Based in Montreal, the collective was founded in 2005 by former Olympic hopeful Alexandre Hamel, who hails from “a perfect little suburb” in Québec. Hamel was a child figure skating champion, who went on to competition circuits, ultimately being hired by Disney for ice shows. In the post-performance discussion, Hamel describes his relationship with ice-skating as a “trauma”—something many a bunhead burnout might empathise with—and it is these experiences that inform “Influences,” the first half of the bill.

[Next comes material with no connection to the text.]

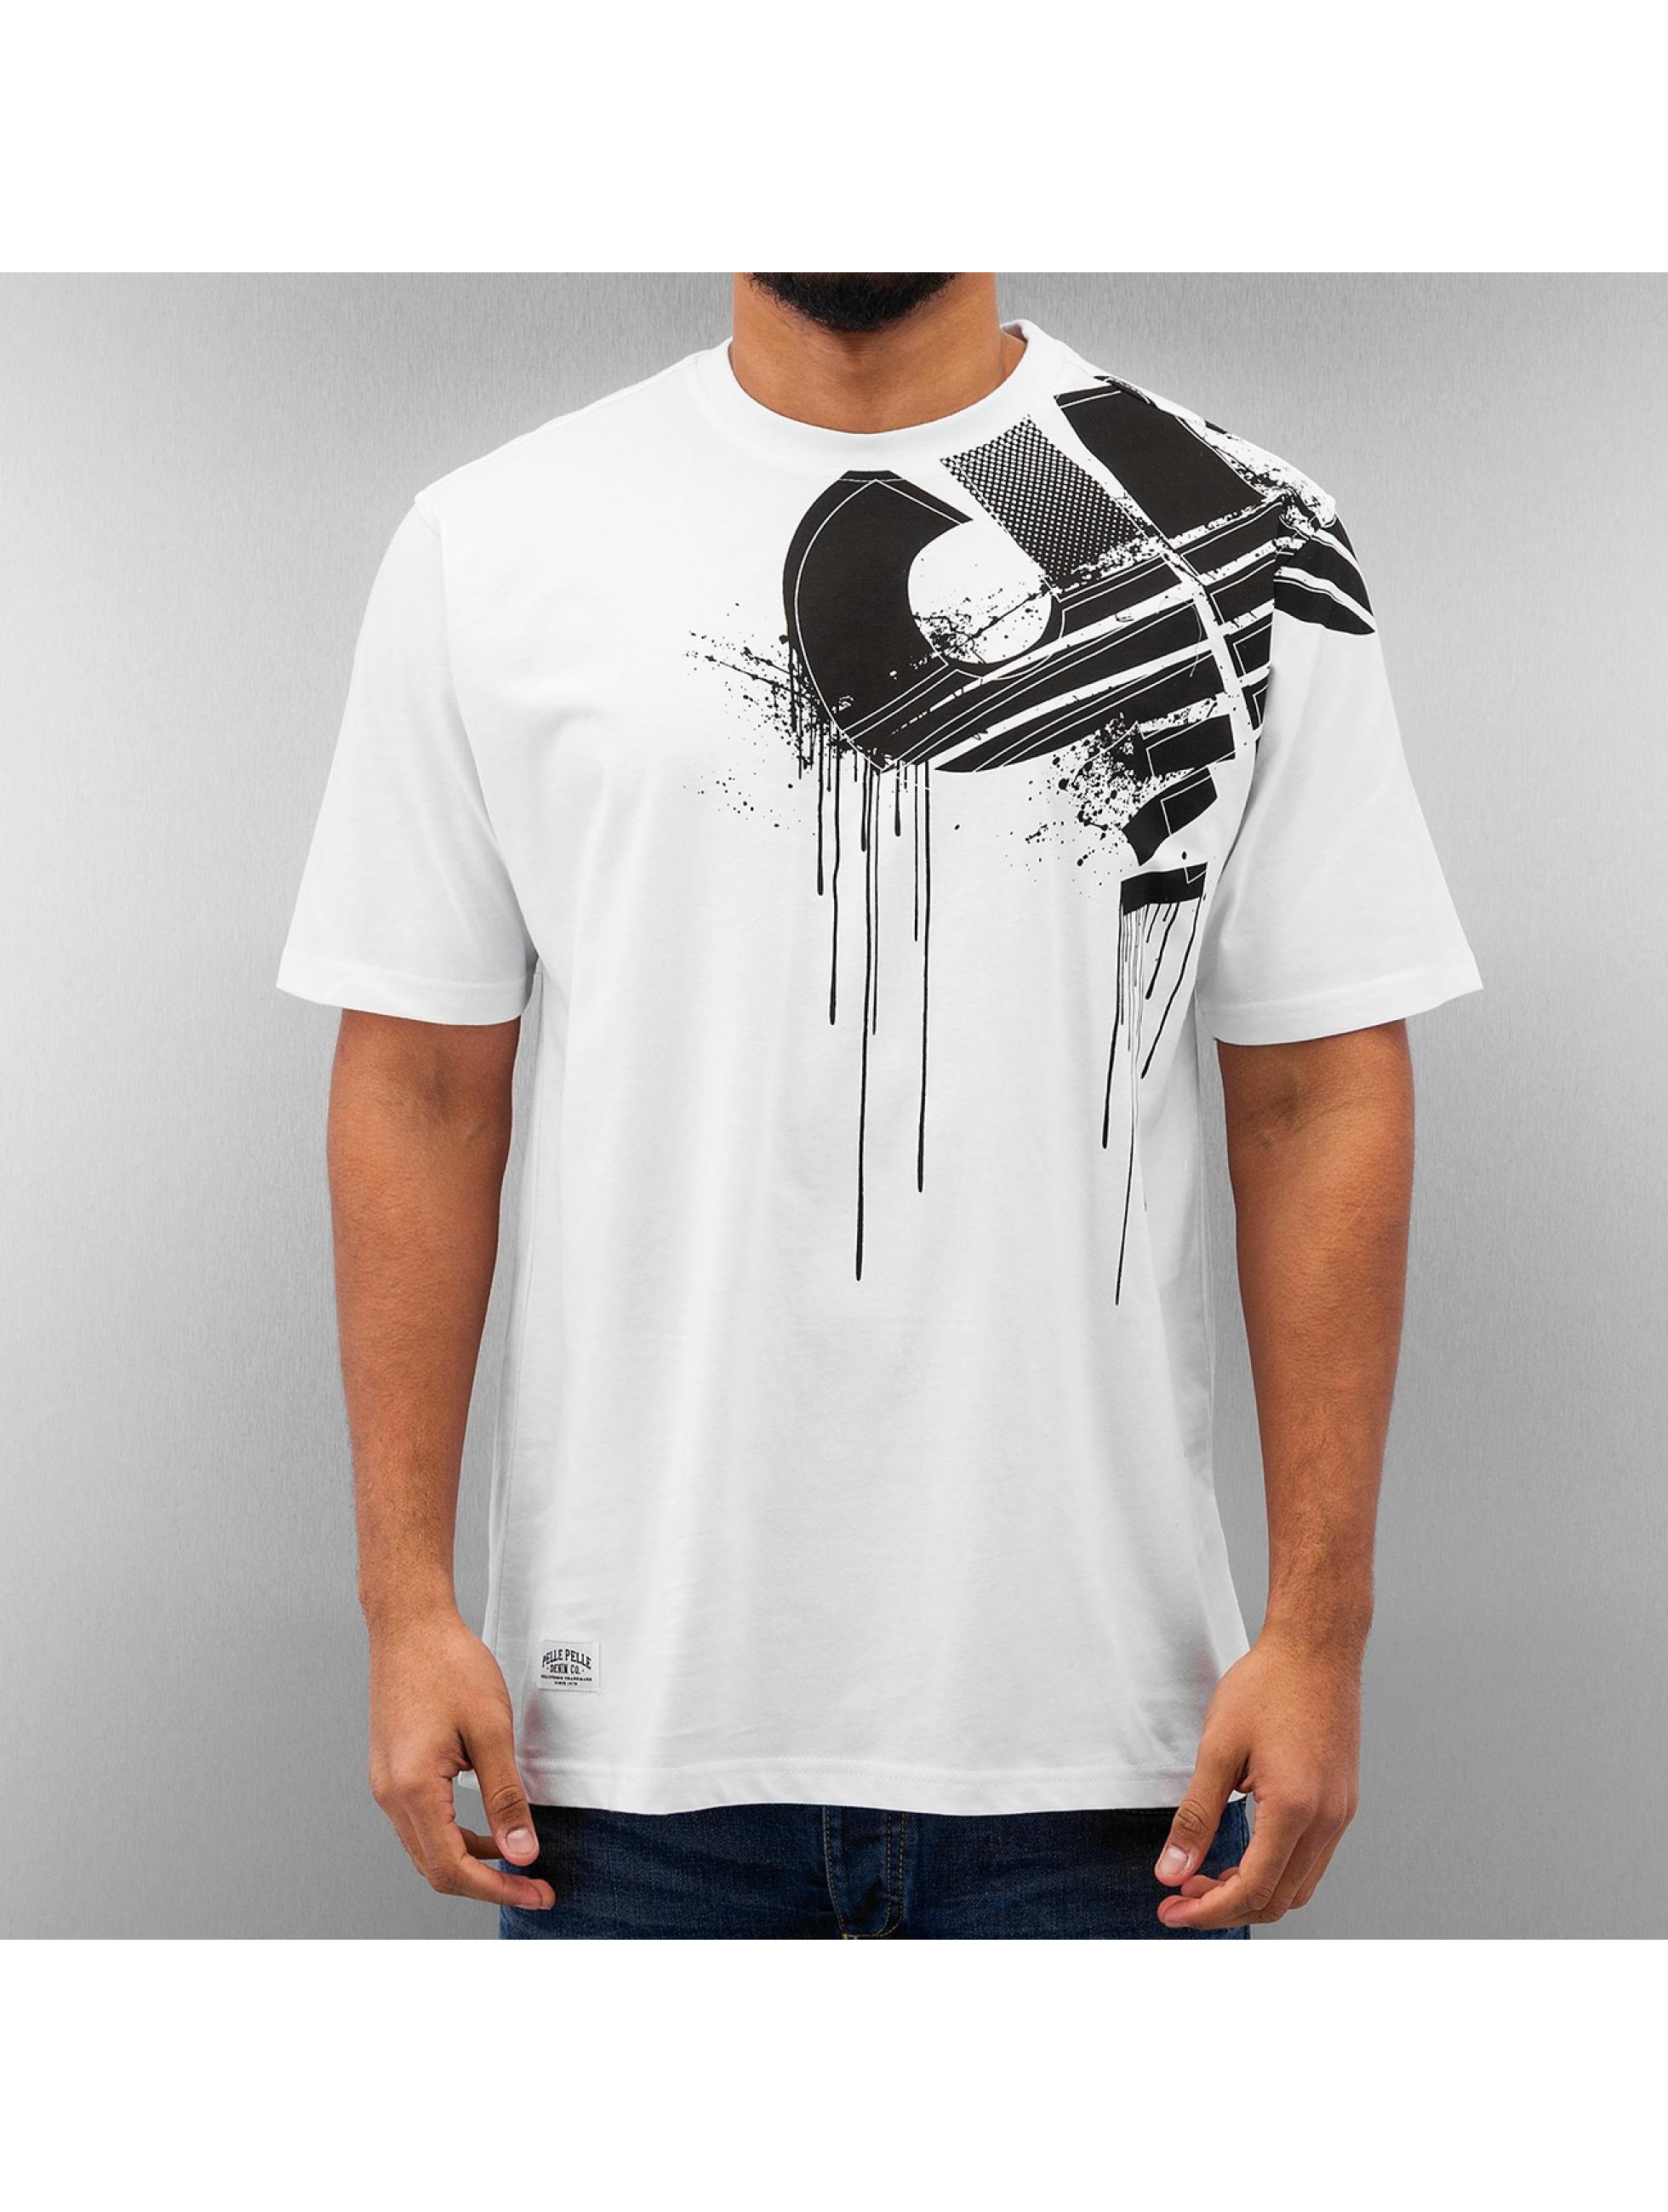 Pelle Pelle T-Shirt Demolition weiß

The other members of the group, Pascale Jodoin, Samory Ba, and Taylor Dilley, share similar backgrounds—prodigiously talented skaters turned off by the limitations of traditional competitive skating. They describe themselves as free spirits, and connected to one another via the underground skate scene, with ice-rinks being turned into speakeasies where the ice was set on fire. DJ-ing at the “secret ice burning parties” was the only non-skater of the group, Jasmin Boivin, a classical cellist who composes and creates the score for the performance. Not content to sit on the sidelines, he learned to skate while watching the others, and now dons hockey skates and joins le Patin Libre on the ice.
On the evening I attended, due to technical difficulties, the show was performed without the lighting. I could only imagine how they might glide out of the darkness, but as it was, the show had a rehearsal feel to it. It fit, in a way: Le Patin Libre wear practice gear, and stylish, casual clothes—their aim is to deprive skating of its ‘tacky’ elements and let the essence of skating come to the fore. Which is what, exactly? What defines skating? Le Patin Libre propose that it is the glide: “a movement without movement.” Hamel says, “it's what is left when you take all the sparkles, all the other things away. Dancers can't to this,” he says, standing on the blades and gently drifting towards the audience, seemingly without moving a muscle.
Both pieces on the bill explore and expose the theory of the glide in a multitude of choreographic ways, taking the inner and outer edge of the skate to extremes, weaving and cutting through the group in a single, satisfying swoosh. They do it through a decided lack of airborne elements, but when they do execute a flying spin, it's fluid, loose and marvellous. The performance does have the feeling of an amplified contemporary dance; you don't see position so much as you see momentum, inertia, the freedom of the glide. They invoke the quality of ice, too; the substance and the sound of it, clashing and picking their skates rhythmically into it.
“Influences” taps their story as renegade skaters, people with different ideas running up against the institution of traditional skating. The pieces were launched via the Jerwood Project creative programme and a residency at Sadler's Wells, London, and with the aid of dramaturg Ruth Little, found their current expression. The second half, “Vertical,” is more a joyful exegesis of where they have come to as a collective, and where they want to go. Which is to make a serious contribution to choreography, not only on ice, and to push the form into new artistic modes.
Hamel says he understands when they encounter resistance from the contemporary art world to accept their new form; ice skating has become “gimmicky” in recent years, he says. But le Patin Libre is far from a gimmick; it's an expansion, and a departure from the superficial reason to skate. To dancers, skaters and contemporary art lovers, le Patin Libre is offering something truly original. After the performance the troupe hosted a free DJ skate party inviting all to join them on the ice. Now that's cool.